We might end up in a world, where all the command line applications are Unix/Linux (and run on Windows via WSL) and the GUI applications are Win32 (and run on Linux via Wine)
This would be playing to their strengths. There is a much nicer command line/shell ecosystem in Linux and a much nicer GUI ecosystem in Windows.
Unfortunately the GUI world seems to be settling on web rendering. While this is a massive bonus for cross platform support I’m still having a hard time agreeing that running a dozen Chromium instances is a good thing.
I don't think Windows has a nice GUI. It is incredibly bloated.. and Windows has been pushing UWP apps for some time. Please no.. Linux already has an influx of Electron apps, we don't need Windows UI.

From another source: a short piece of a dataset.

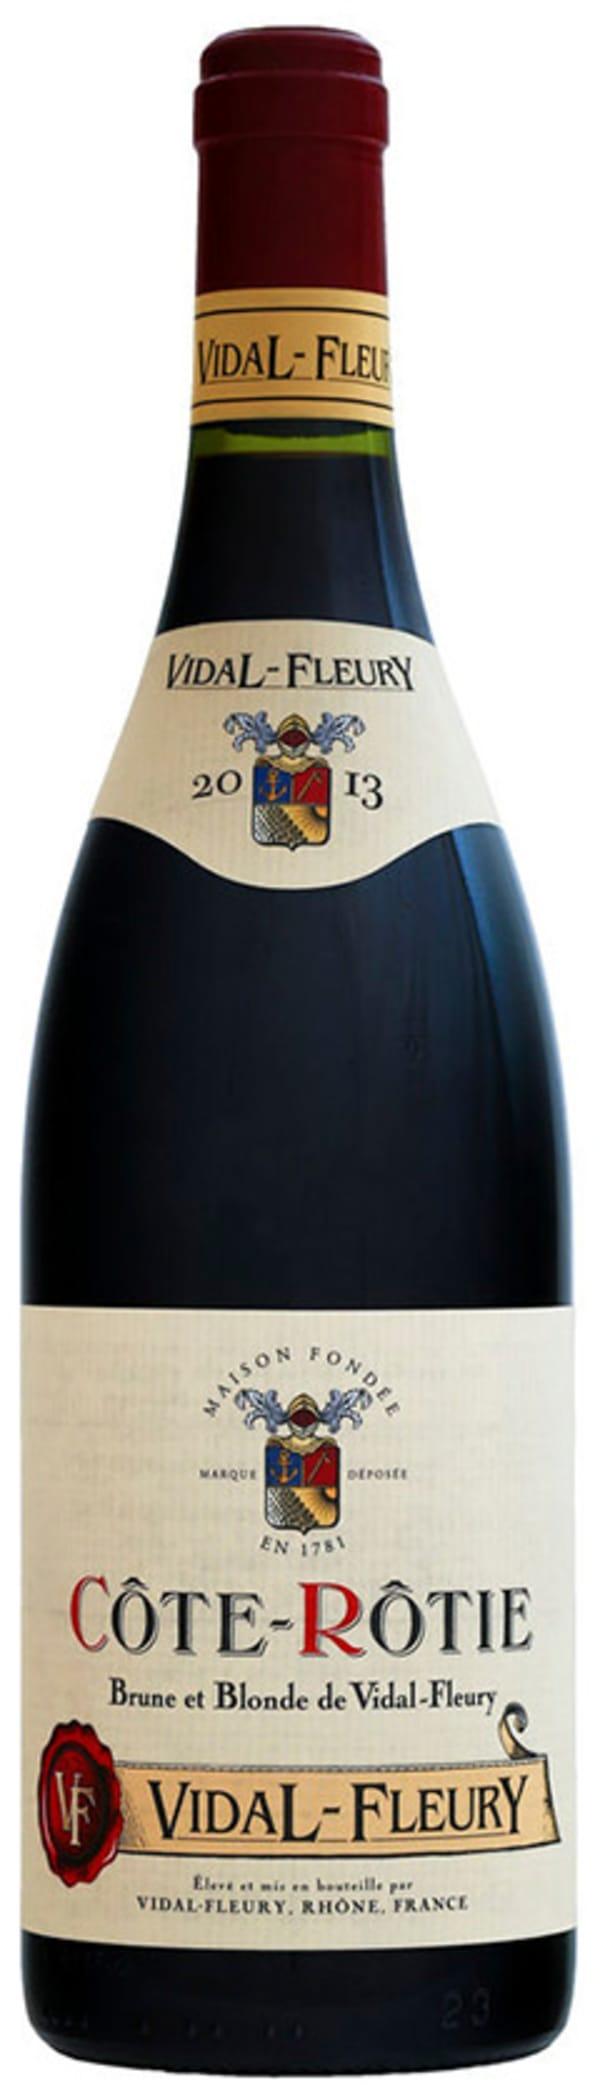 Vidal-Fleury Côte-Rôtie Brune et Blonde 2015
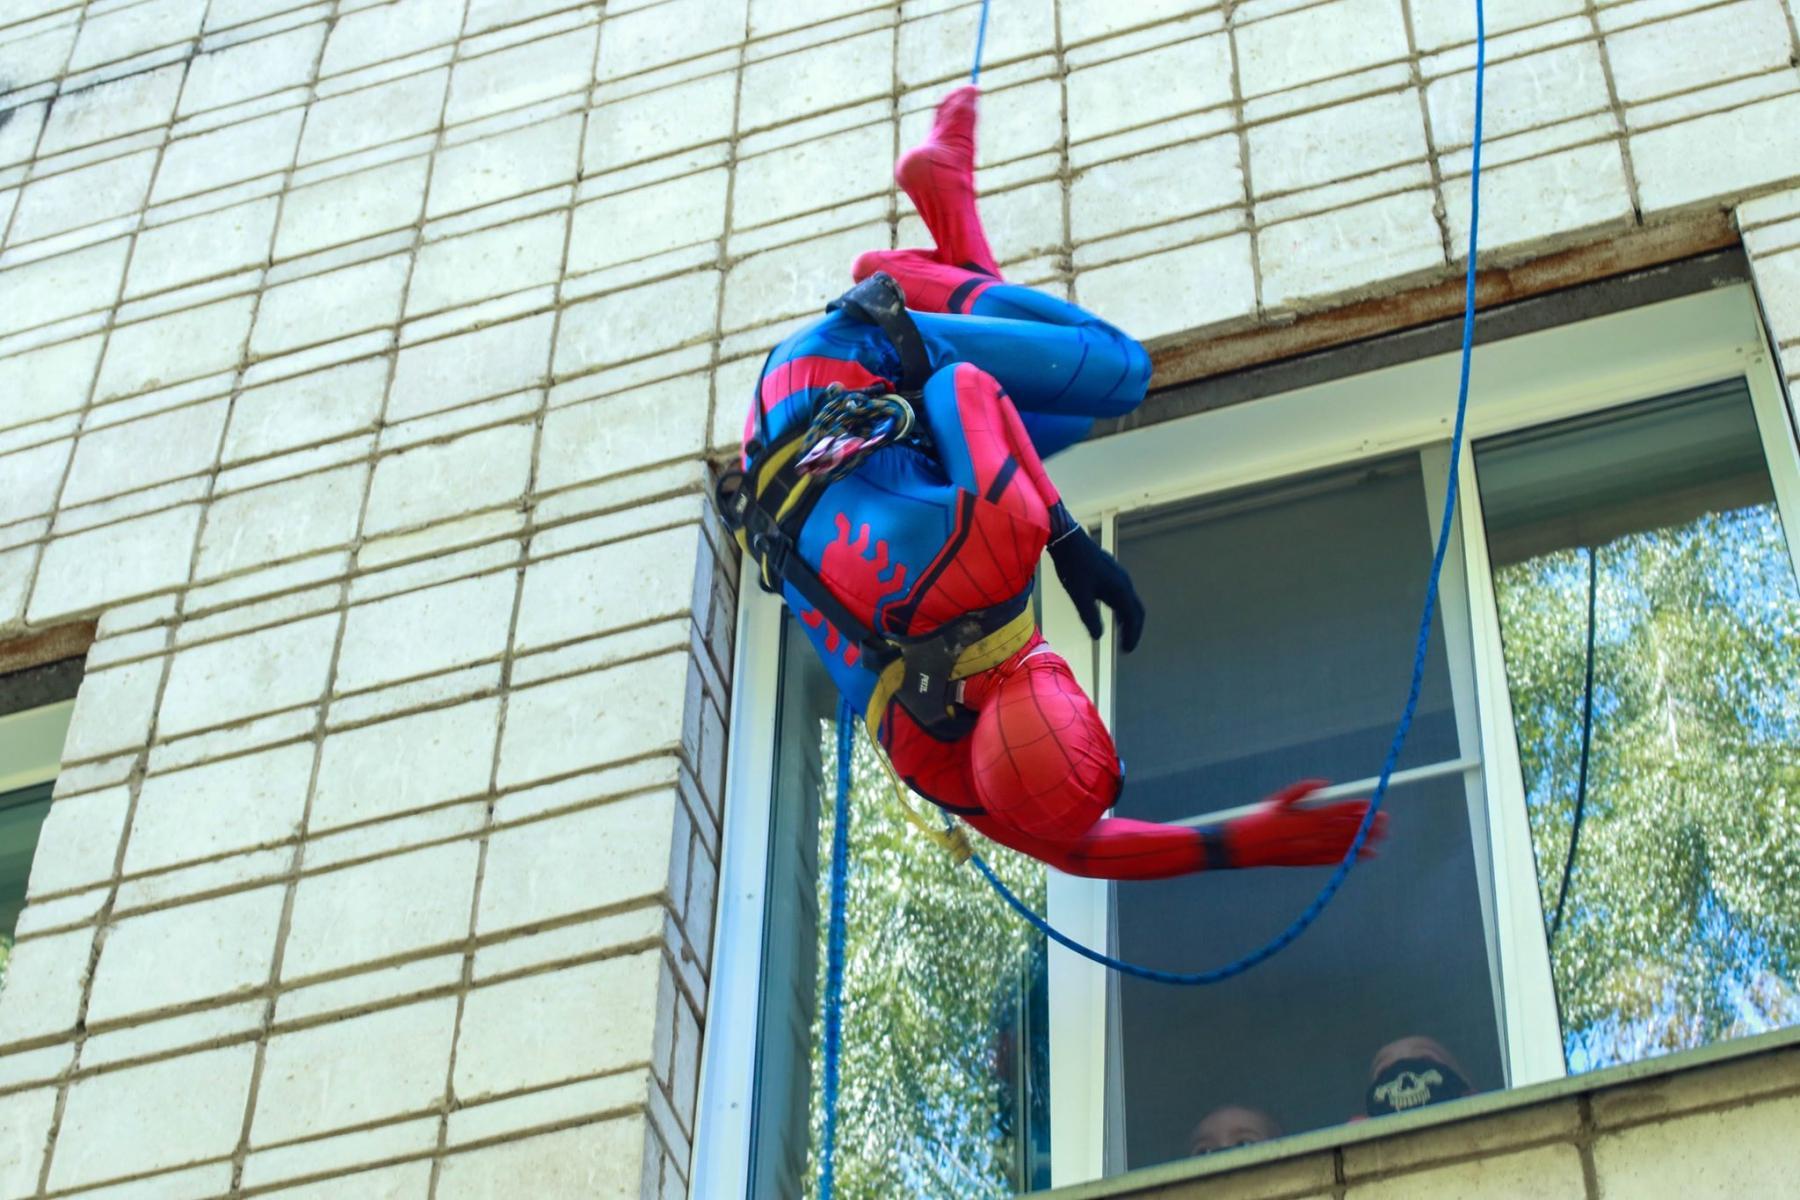 Фото Тук-тук, к вам Человек-паук: супергерой спустился с крыши к больным онкологией детям в Новосибирске 4

UWP has been unofficially done for a few years now (no official statements, but you could tell from the lack of updates) and they officially shut the door on future updates 4 months ago.
It’s actually kind of insulting, because if you were one of the few developers to believe Microsoft and write, say, business apps in it as they said, you just got the short end of the stick.
It’s not a huge surprise why Microsoft can’t rally developers behind anything.
Yeah, it’s a mess. It seems like eventually they figured out that UWP’s sandbox+packaging requirements were a huge mistake (see Project Reunion/Windows App SDK), but that realization came much too late.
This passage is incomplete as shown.